Well, we decided to put in a mail order for one of these babies the minute they were launched (they go for about $120 on eBay), and here’s our review:

Big things come in small packages, or so they say.
What’s more, it’s good, clean fun for Ages 14+!

First thing you see when you open the package is this nifty little instruction sheet.

And here’s what’s inside – your ears, the headband, and a healthy number of other gizmos to get you nyanning.

And there’s only minimal assembly required! XD

Necomimi come ready to play right out the box, though some minor assembly’s required. It’s fairly intuitive process however, and all you really need to do is to pop in four AAA sized batteries, slip on the cat ear shaped sleeves, and strap it to your head to get started.

How it works is that it reads your brainwaves (you’ll need to make sure the ear clip’s fitted to your left earlobe and the main sensor’s placed above your brow for it to function properly), and the ears either move up, or down, depending on your mood.

If you’re relaxed, the ears will droop down, and if you’re thinking about something, the ears will perk up. If you’re in a state of high interest or concentrating intensely, the ears will also start wiggling to boot.

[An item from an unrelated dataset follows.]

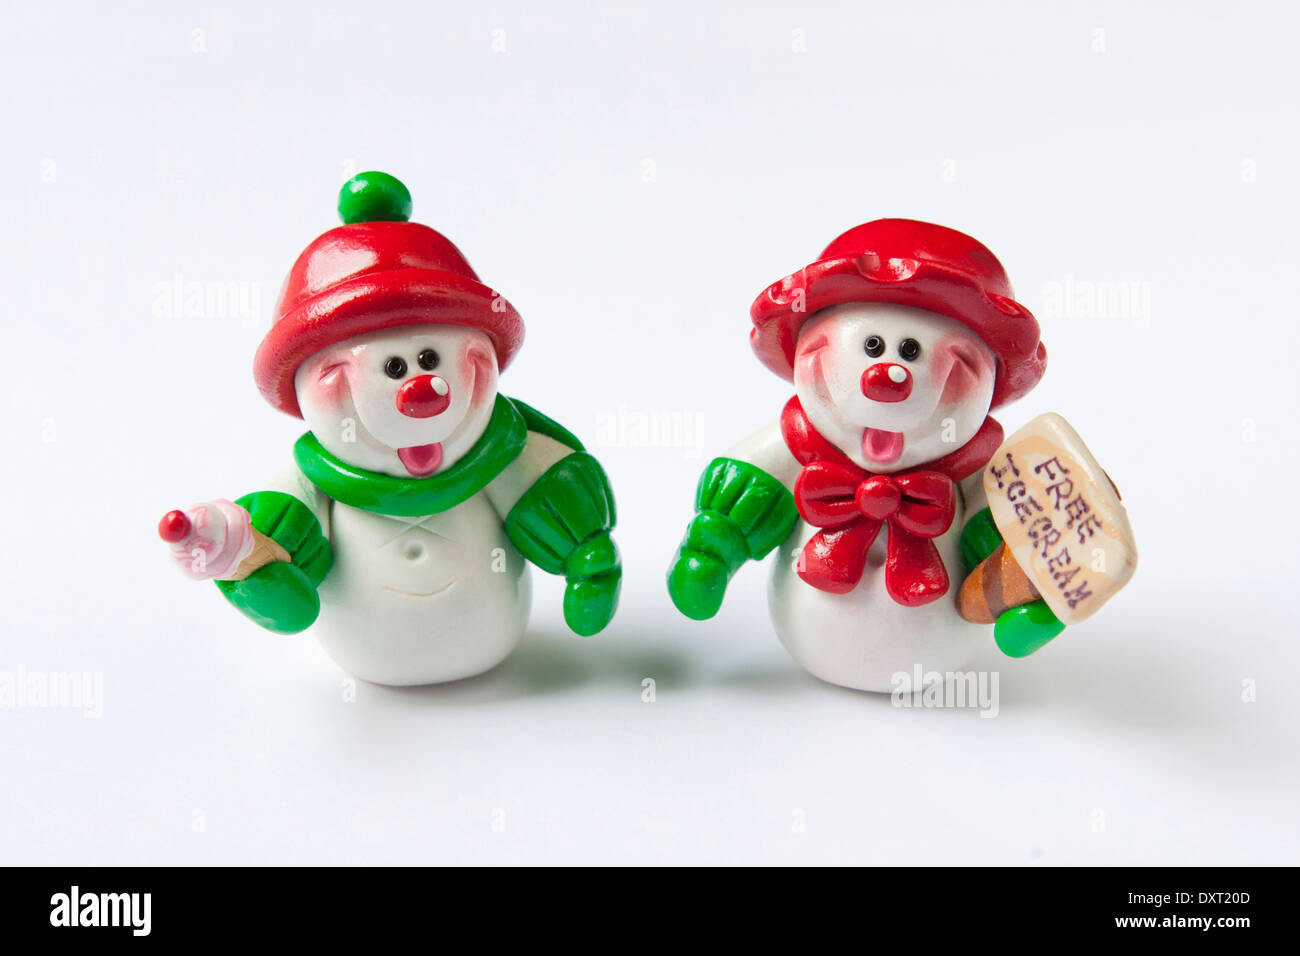 Zwei niedliche Ton Schneemänner tragen rote & grünen Urlaub Kleider, verlosen kostenlos Eis im Winter. Stockfoto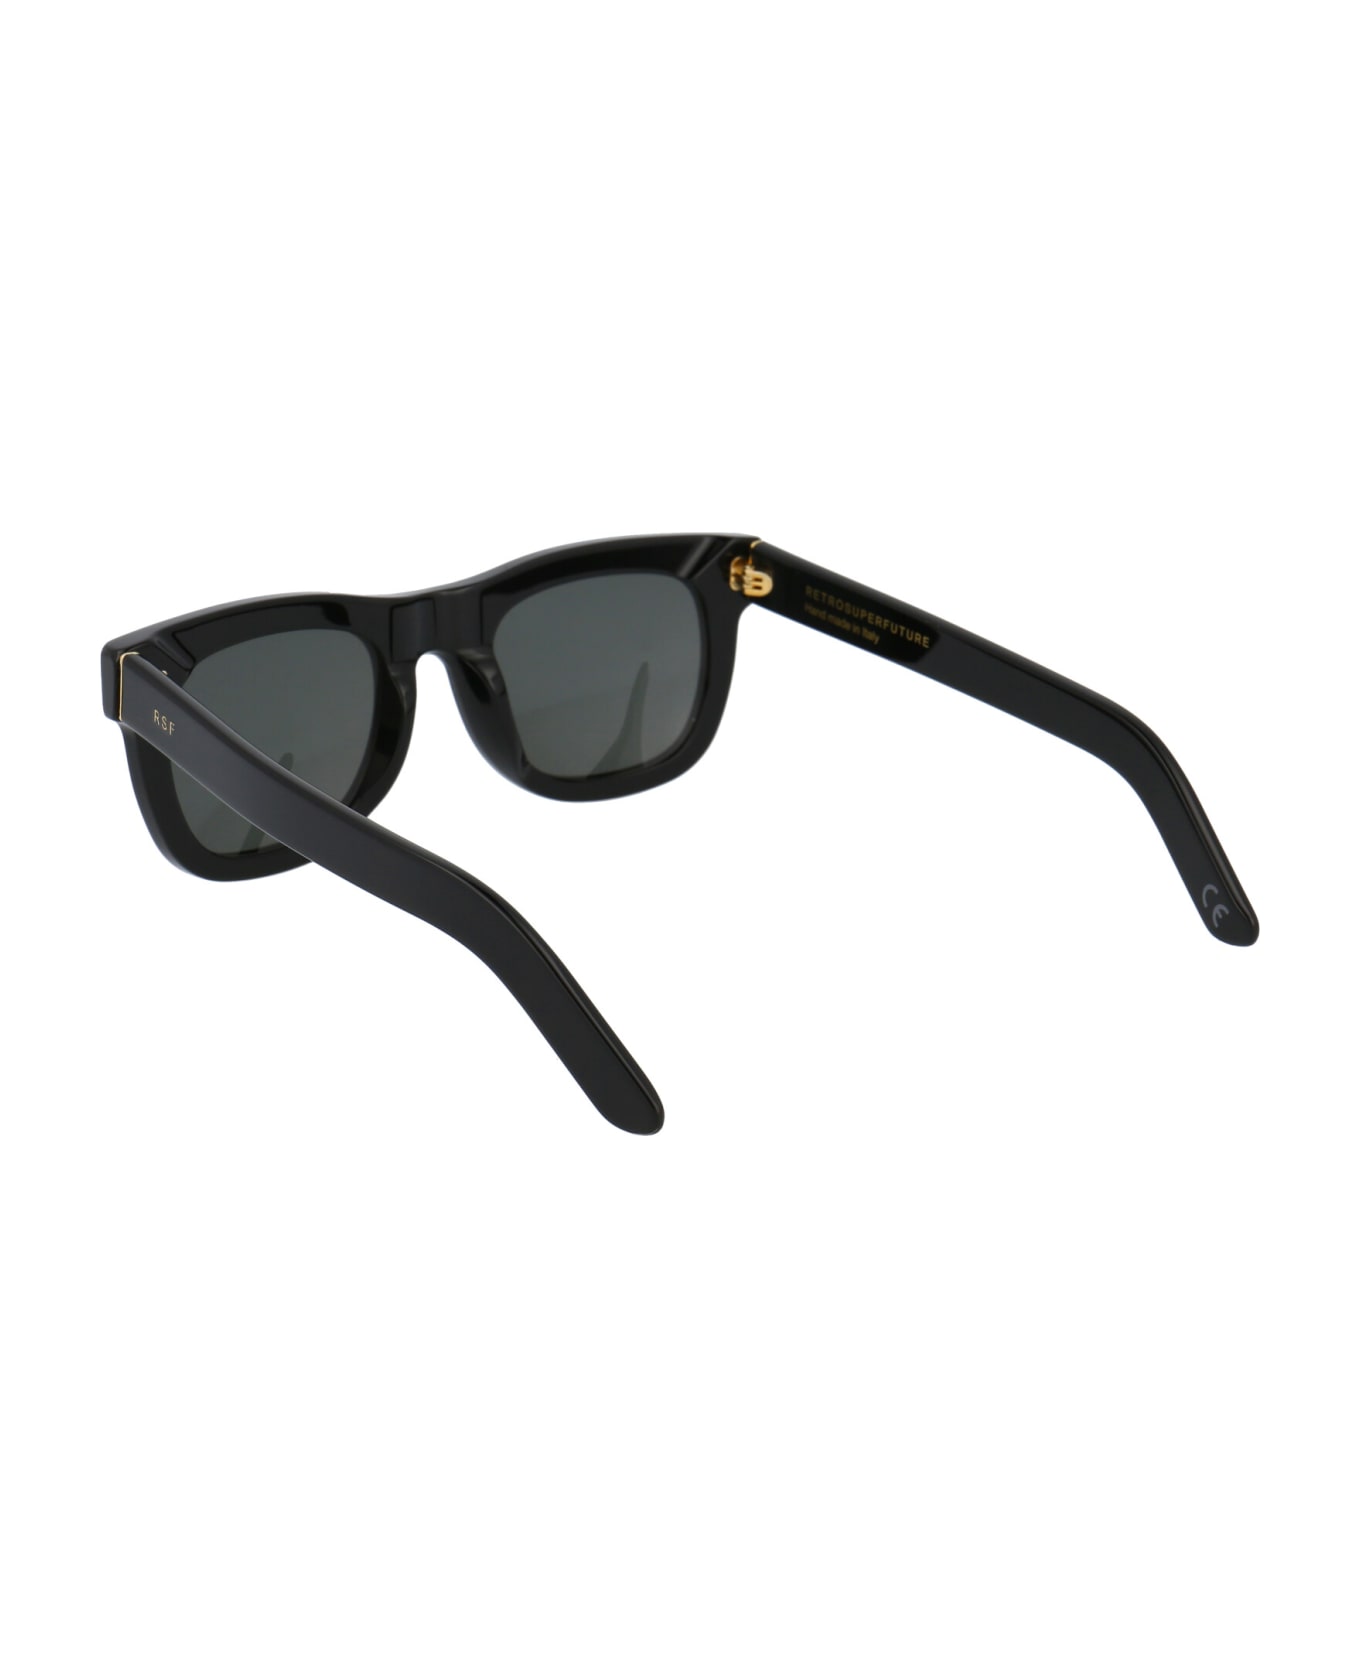 RETROSUPERFUTURE Ciccio Sunglasses - BLACK

It takes awhile to get the necomimi calibrated (it took only a couple minutes on Crimson, but we didn’t get a reading from Angelus or our pack Elk till some 10-15 minutes later). After that’s done, though, it’s time to nyan~!

We played 20 questions while wearing these cat ears, and true enough, they seemed to work like a charm.

The ears were in a state of high interest each time we mentioned food (key words being ramen and yakitori) while Elk was wearing ’em, and it went the same for comic books (especially Gambit) on Angelus and games (MMORPGS) on Crimson.

We’ll definitely be wearing these ears to conventions a lot more often, especially with customization options and different ear designs from neurowear in the works. We can also imagine this being a real hit with cosplayers, especially those portraying cutesy cat girls or characters from titles like Loveless and Lamento.

Necomimi add a healthy dose of realism to your cosplay for sure, but it’d help if there was a way to mute the sounds made by the motors or a more effective way to streamline the size and shape of the mechanisms.

As it stands, it’s hard to hide the main sensor unless you’ve got really long hair, or are wearing a wig with a long enough fringe (which means these ears won’t work for just any old character), and the battery pack stands out a little too much for our liking.

Of course, that’s not to say you can’t modify the designs on your own (we’re working on steampunking ours up) to suit your look.

All told, it’s a great novelty item and potentially awesome cosplay accessory. If you’re into kitty ear bands, and don’t mind the cost or shipping, you just might wanna check it out.